The goal of this clinical trial is to evaluate the efficacy of investigator's choice of chemotherapy, either alone or in combination with everolimus, in treating patients with locally recurrent inoperable or metastatic triple-negative breast cancer, luminal androgen receptor (LAR) subtype with PI3K/AKT/mTOR (PAM) pathway mutation, as the first-line treatment.
Eligible participants will be those diagnosed with estrogen receptor (ER)-negative \[Immunohistochemistry (IHC) ER positive \<1% ) , progesterone receptor (PR) negative(IHC PR positive \<1% ) , and human epidermal growth factor receptor 2 (HER2)-negative \[IHC 0 or +; or IHC ++, Fluorescence in situ hybridization (FISH) -\], LAR subtype with PAM pathway mutation locally recurrent inoperable or metastatic breast cancer, who have received no prior chemotherapy, targeted therapy or other treatments. The study is aimed to evaluate the efficacy of investigator's choice (ICC) of chemotherapy (nab-paclitaxel, capecitabine, eribulin, carboplatin, vinorelbine, or utidelone) either alone or in combination with everolimus. This study aims to see if everolimus plus chemotherapy allows patients to live longer without the cancer getting worse, or simply to live longer, compared to patients receiving investigator's choice of chemotherapy. This study is also looking to see how the treatment and the cancer affects patients' quality of life.
Study Type
INTERVENTIONAL
Allocation
RANDOMIZED
Purpose
TREATMENT
Masking
NONE
Enrollment
203
Everolimus is a kind of mTOR inhibitors which has been approved to use in several kinds of cancers, especially in metastatic breast cancer .
Investigator's choice of chemotherapy means the chemotherapy chosen by investigators/doctors to treat metastatic triple negative breast cancer, including nab-paclitaxel, capecitabine, eribulin, carboplatin, vinorelbine, or utidelone.
Fudan University Shanghai Cancer Center
Shanghai, Shanghai Municipality, China
RECRUITINGProgression-free survival (PFS)
The interval from randomization until the first occurrence of disease progression (according to RECIST 1.1) or death from any cause, which ever occurs first.
Time frame: Approximately 3 years
Objective response rate (ORR)
The proportion of participants who have a complete response (CR) or partial response (PR) according to RECIST 1.1.
Time frame: Approximately 3 years
Duration of response (DoR)
The interval from date of first detection of objective response until the first occurrence of disease progression (according to RECIST 1.1) or death from any cause, which ever occurs first.

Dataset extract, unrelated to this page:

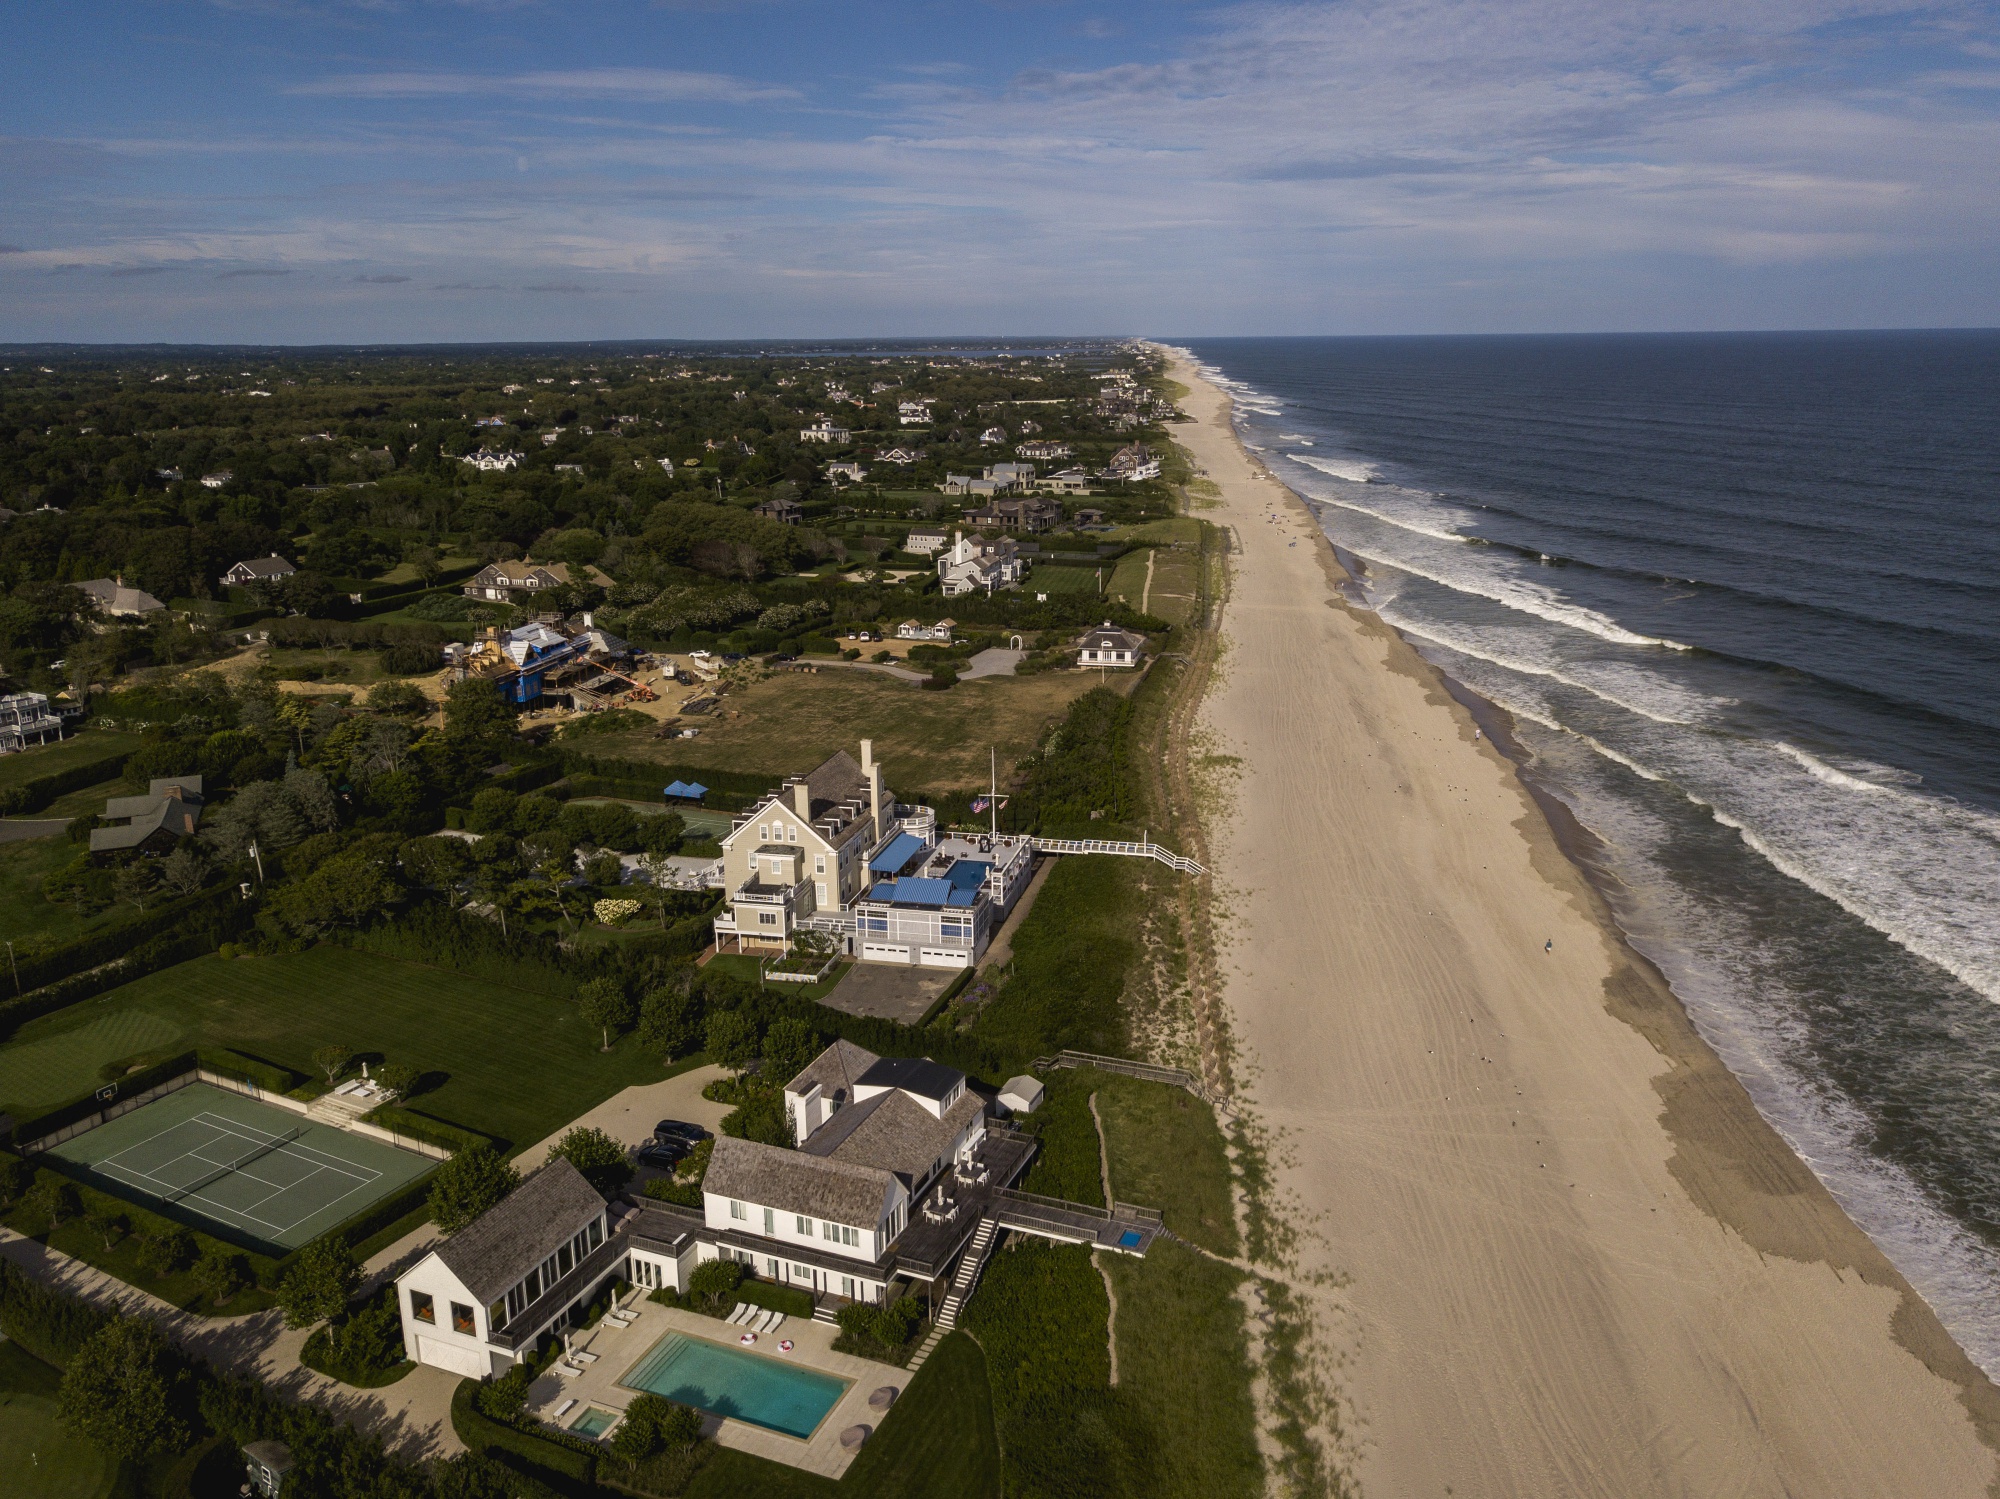 Homes in Southampton, New York.

Time frame: Approximately 3 years
Disease control rate (DCR)
The proportion of participants with complete response, partial response, and stable disease for more than 4 weeks in which response can be evaluated.
Time frame: Approximately 3 years
Overall survival (OS)
The interval from randomization until the date of death due to any cause.

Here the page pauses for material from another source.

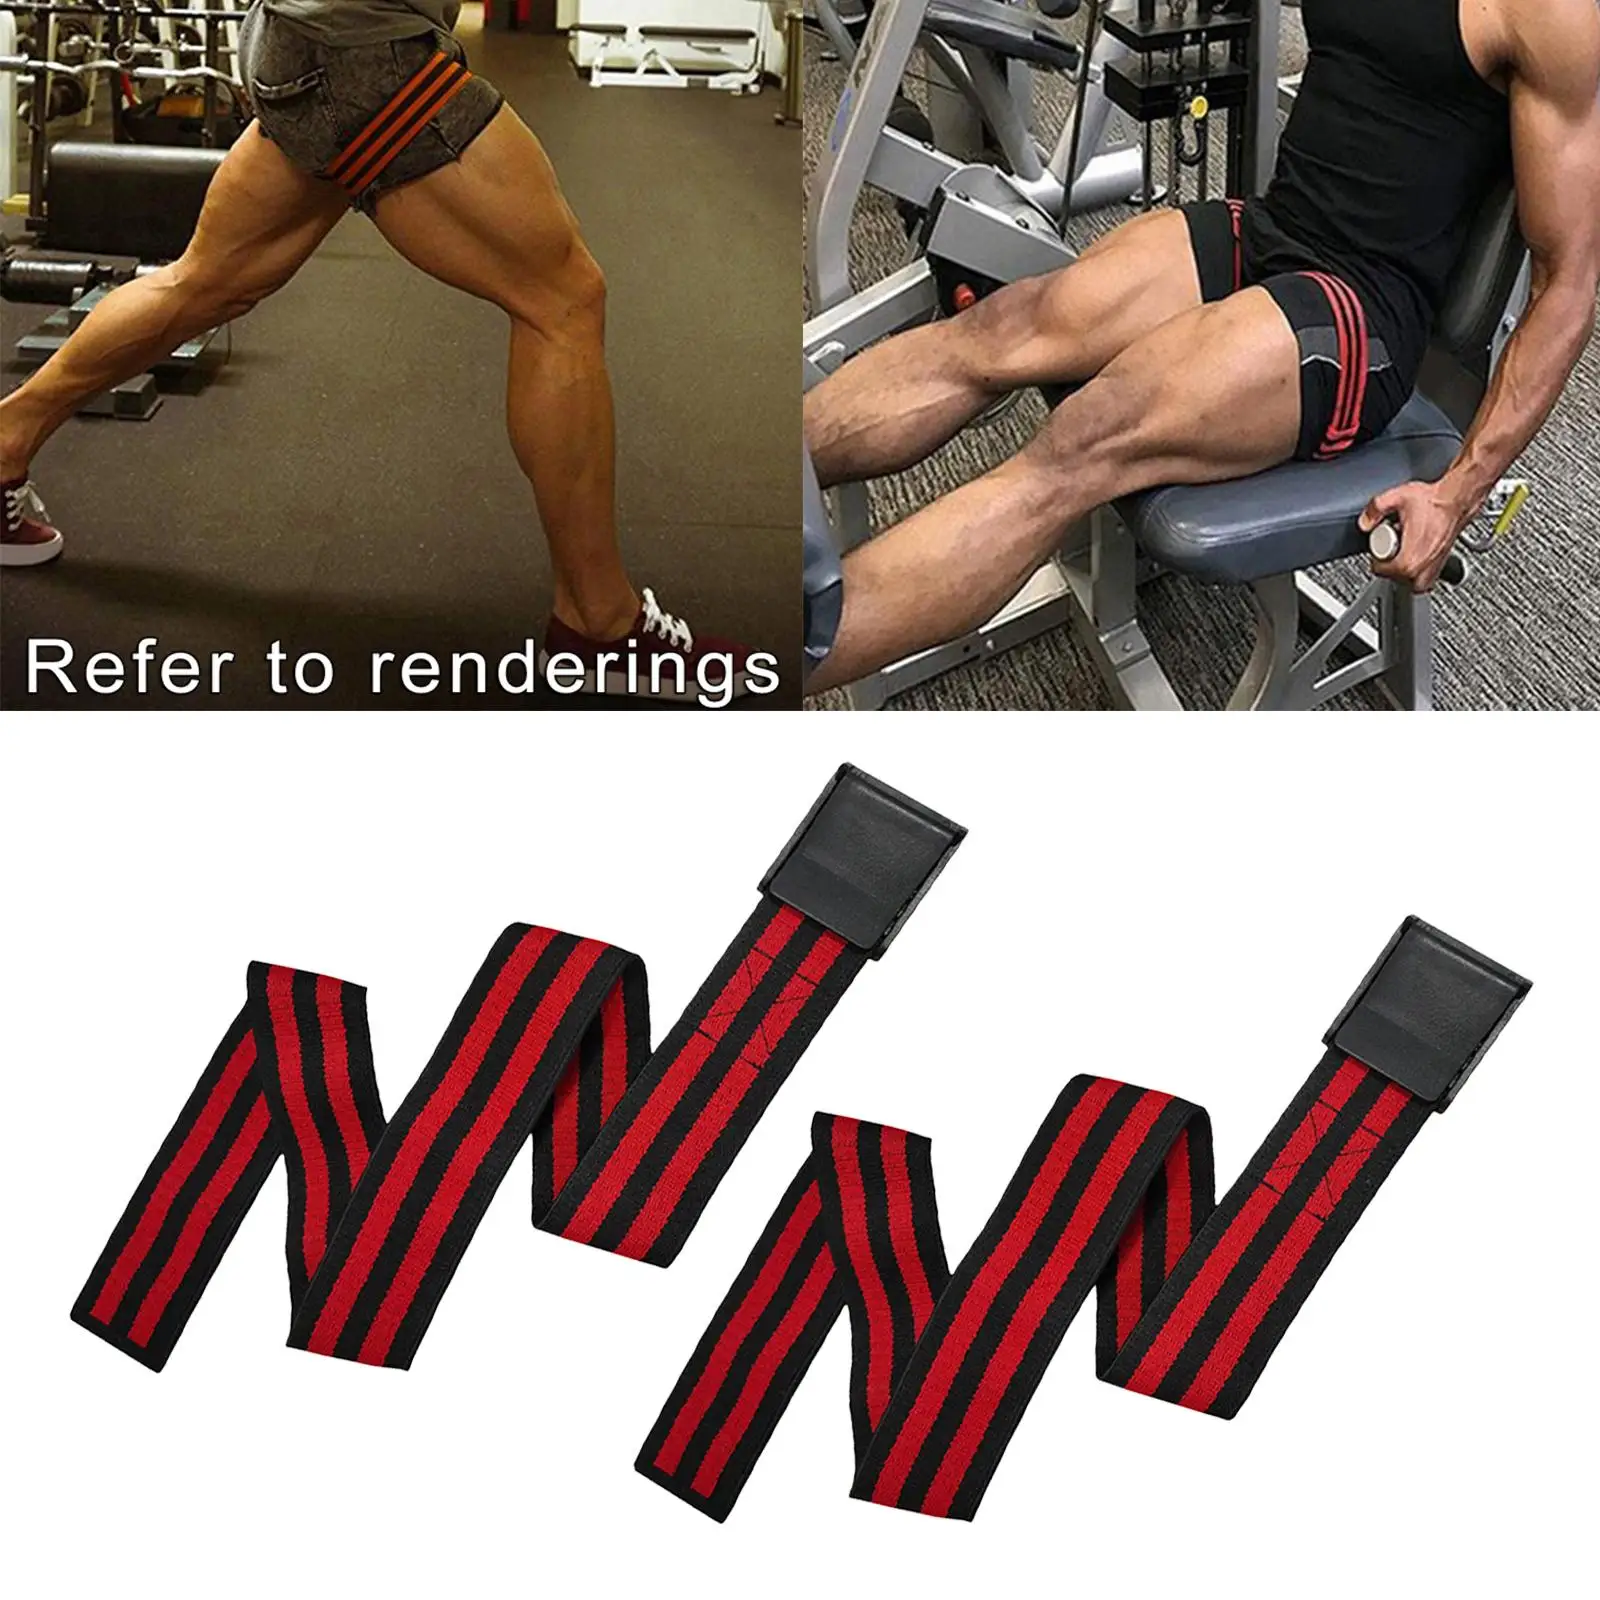  Blood Flow Restriction Training Arm Thigh Fitness

Time frame: Approximately 3 years
Safety and tolerability
Number of adverse events according to NCI-CTCAE Version 5.0 per each treatment arm
Time frame: Approximately 3 years
Number of participants with patient reported outcome (PRO)

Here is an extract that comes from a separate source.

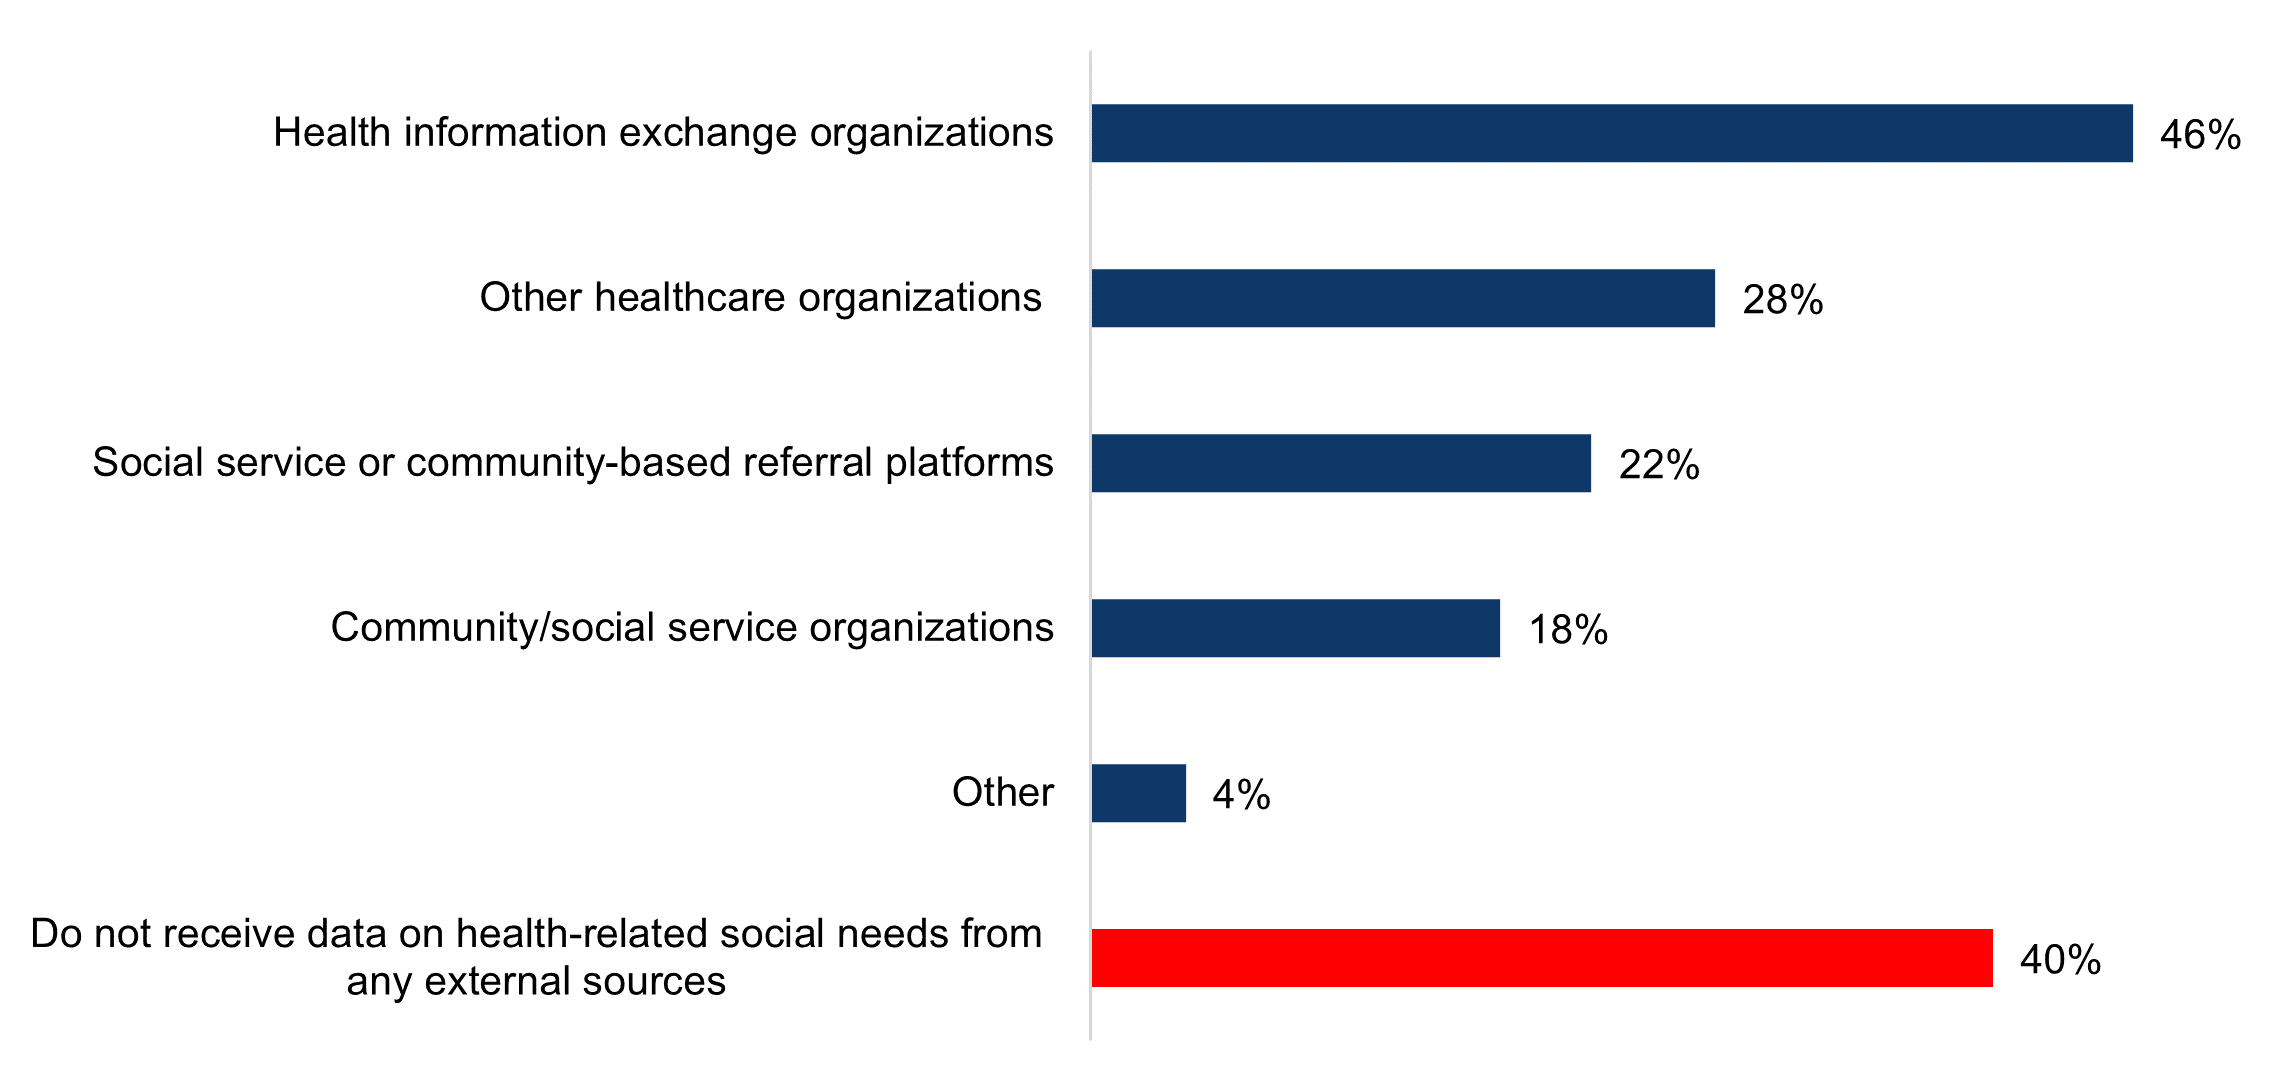 This figure contains a horizontal column chart illustrating the methods and sources from which hospitals electronically received data on patients’ health-related social needs. In 2022, 46 percent of hospitals indicated they received social needs data from health information exchange organizations (HIEs), 28 percent reported receiving social needs data from other healthcare organizations, 22 percent indicated they received social needs data through social service or community-based referral platforms, 18 percent indicated they received social needs data from community/social service organizations, and 4 percent received social needs data from other sources. About 40 percent of hospitals reported they did not receive social needs data from any external sources.

A report directly from a patient about his or her health or life quality by EORTC Core Quality of Life questionnaire (EORTC QLQ-C30). EORTC QLQ-C30 is a 30-item questionnaire and 28 out of 30 items are scored on a 4-point Likert response scale: 1 = not at all, 2 = a little, 3 = quite a bit, and 4 = very much. The EORTC QLQ-C30 scale scores range from 0 to 100. A high score for a functional scale represents a high level of functioning, whereas a high score for a symptom scale/single item represents a high level of symptomatology.